Forum Discussion
Please, consider the attached image. It shows the profile report for two Intel FPGA OpenCL SDK 17.1 Bittware 385A designs.
In both, data is transferred between two kernels using external channels: 'krnlA_send' sends to 'krnlB_recv' and 'krnlB_send' sends to 'krnlA_recv'.
On the left, you have 'float4' (128b) external channels. On the right, 'float8' (256b) external channels. Both reach almost the same fmax: 308 MHz (float4) and 294.55 MHz (float8).
As you can see, the bandwidth measurement (last column) shows the same values in both cases: 4900+ MByte/s, very close to the peak performance of 5000 MByte/s (40 Gbit/s). So, there is no issue on this point.
The main difference is in the 'Stall%' and 'Occupancy%' columns.
In the 'float4' case, there is not stall, i.e. we get full occupancy. This means that there are no bubbles into the pipeline, every clock cycle is used actively for computation.
On the other hand for 'float8', 'Stall%' is equal to 47%. This is expected.
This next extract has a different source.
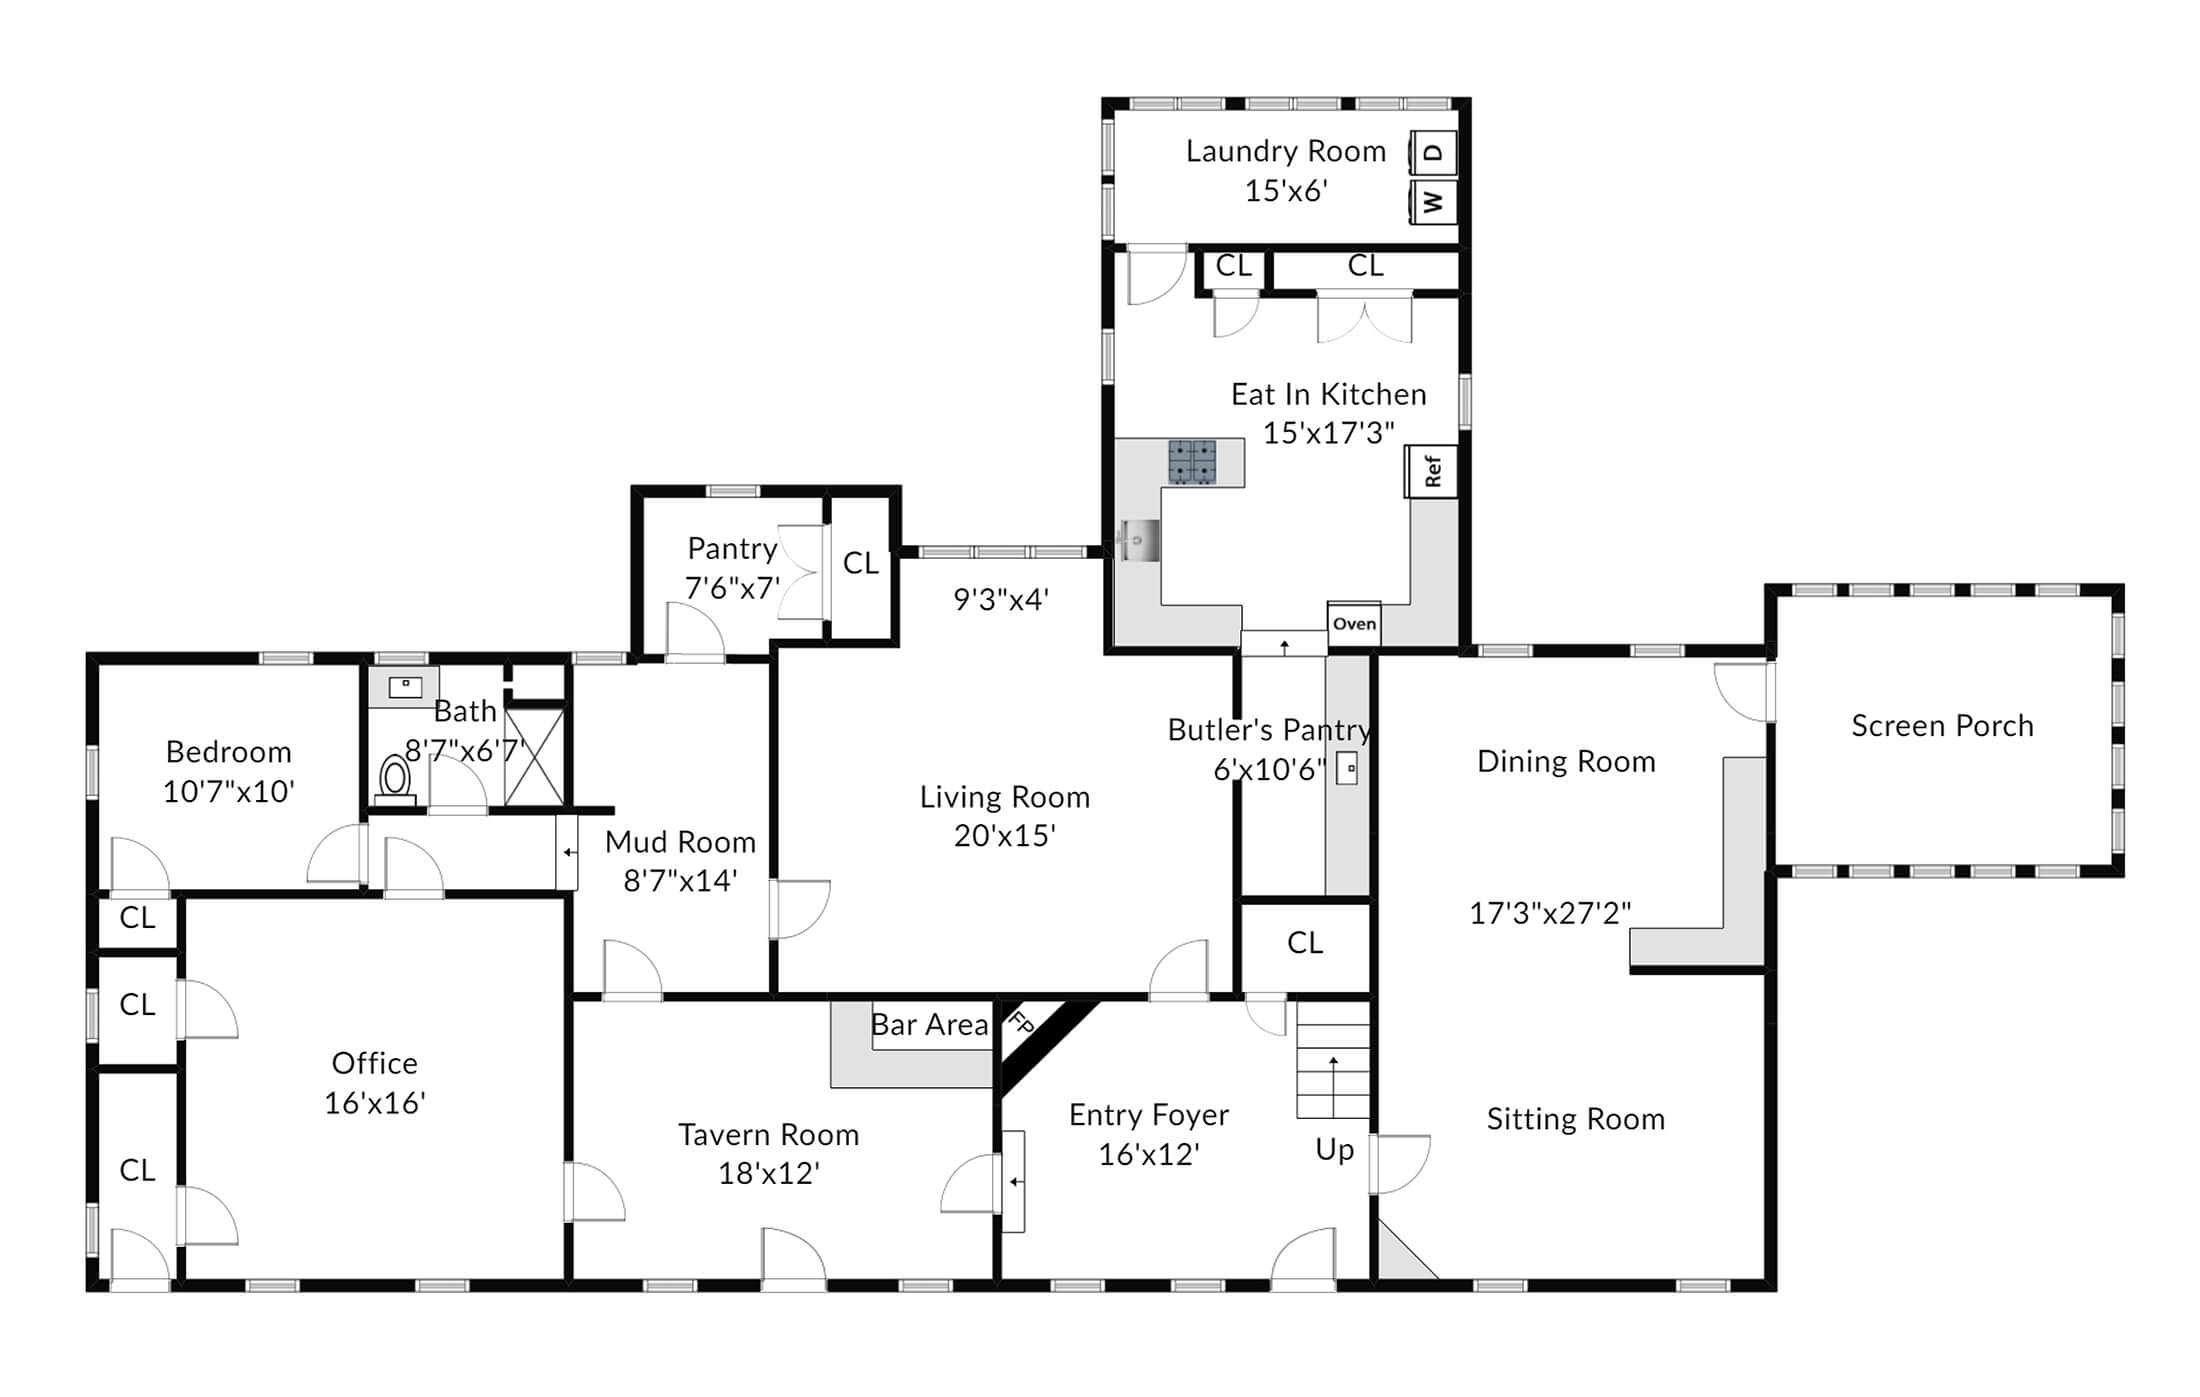 floorplan for the first floor of the house

In fact, given a bandwidth of 40 Gbit/s, an Intel channel whose datatype is 256b-wide can transfer data at most at 156 MHz.
Considering that the actual frequency of the design is 294 MHz, the maximum 'Occupancy%' achievable can be at most (156MHz / 294MHz) = 53%.
Sorry for the long preamble, but it's necessary to share with you my point of view.
Define channels with a smaller width will let me to exploit an higher 'Occupancy%' in case I don't need/want to process 256b (related to the external channels) per clock cycle.
This behavior was correctly implemented in the Intel FPGA OpenCL SDK 17.1 BSP for Bittware 385A.
If I'm forced to process 256b, the occurring 'Stall%' will propagate along the pipeline and will effects the other computations/memory accesses.
Moreover, for complex design the extension of the data-path to 256b cannot be always feasible in terms of area utilization.
I know that I could write workarounds in my code in order to overcome these issues. But this will cause drawbacks that were not present previously.
Thank you,
Paolo
- PGorl16 years ago
New Contributor
posted a file.- HRZ6 years ago
Frequent Contributor
>If I'm forced to process 256b, the occurring 'Stall%' will propagate along the pipeline and will effects the other computations/memory accesses.
This is a perfectly valid point to explain why "padding" the data to match the physical width is not a good idea. You will be essentially limiting your kernel "throughput" to the throughput of the I/O channel, even if you don't need to fully utilize the channel throughput.